Indian civil engineer

Kanwar Sain, also known as Rai Bahadur Kanwar Sain Gupta OBE (1899-1989) was a civil engineer from Haryana state in India. He was the chief engineer in the Bikaner state who came up with idea of Rajasthan Canal. He also successfully implemented the Ganga canal project which expanded into Indira Gandhi Canal. He was considered a leading irrigation engineer of his time.

He was born in 1899 in Tohana district Fatehabad (Haryana). He was educated at D.A.V. College, Lahore. He graduated as a civil engineer with honors from Thomason College of Civil Engineering, Roorkee (now, IIT Roorkee) in 1927. He was awarded the Padma Bhushan in 1956. His memoir, 'Reminiscences of an Engineer' was published in 1978.

He was chairman of Central Water and Power Commission, Ministry of Irrigation and Power, Government of India. Kanwar Sain and Karpov (1967) presented enveloping curves for Indian rivers.

==Career and recognition==
Kanwar Sain contributed to the design and establishment of the Central Water and Power Commission.
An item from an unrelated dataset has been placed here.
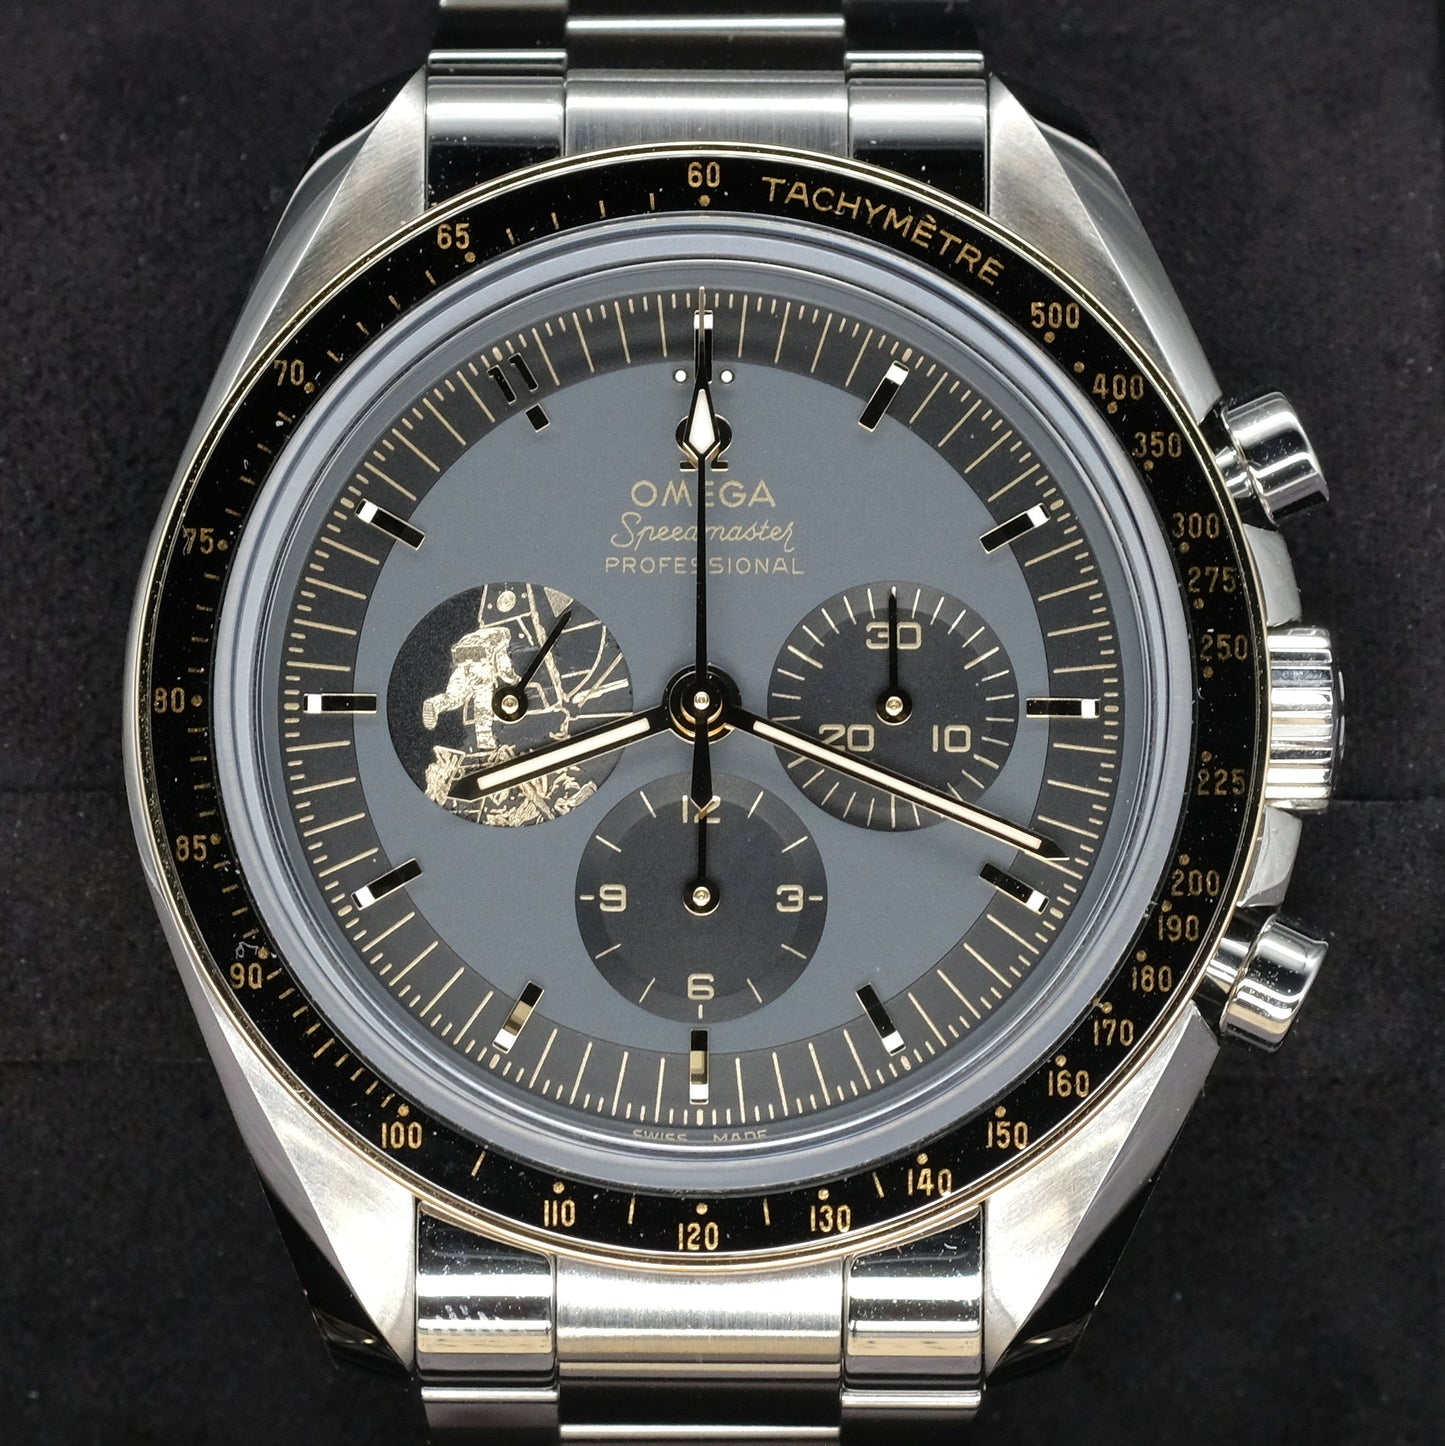 [Pre-Owned Watch] Omega Speedmaster Moonwatch Anniversary Limited Series Apollo 11 42mm 310.20.42.50.01.001 (Limited Edition of 6,969 Pieces)

Sain's passionate involvement with his work - especially in saving Dibrugarh from floods and during the mishap at the Bhakra Dam, endeared him to his colleagues, both in India and abroad. He was associated with the Mekong Development Project for nine years as an UN expert.
For nearly half a century, Sain was involved with river projects and development of water resources both in India and abroad. He was closely connected with major projects-from the Damodar Valley to the Rajasthan Canal, from Hirakud Dam, to the Narmada River Project.

Sain was recognized with several honors, including the Order of the British Empire, O.B.E., and the Padma Bhushan.

He was offered the Order of the Elephant by the Government of Thailand, but could not accept it, as he was serving with the United Nations. He was elected President of Central Board of Irrigation and Power in 1953, Vice President of International Commission on Irrigation and Drainage 1954 and President of the Institute of Engineers India in 1956.

He was awarded Honorary Life Membership by the American Society of Civil Engineers and an Honorary Life Fellowship by the Institution of Engineers India. His alma mater, the University of Roorkee (now Indian Institute of Technology, Roorkee), awarded him an honorary doctorate of engineering.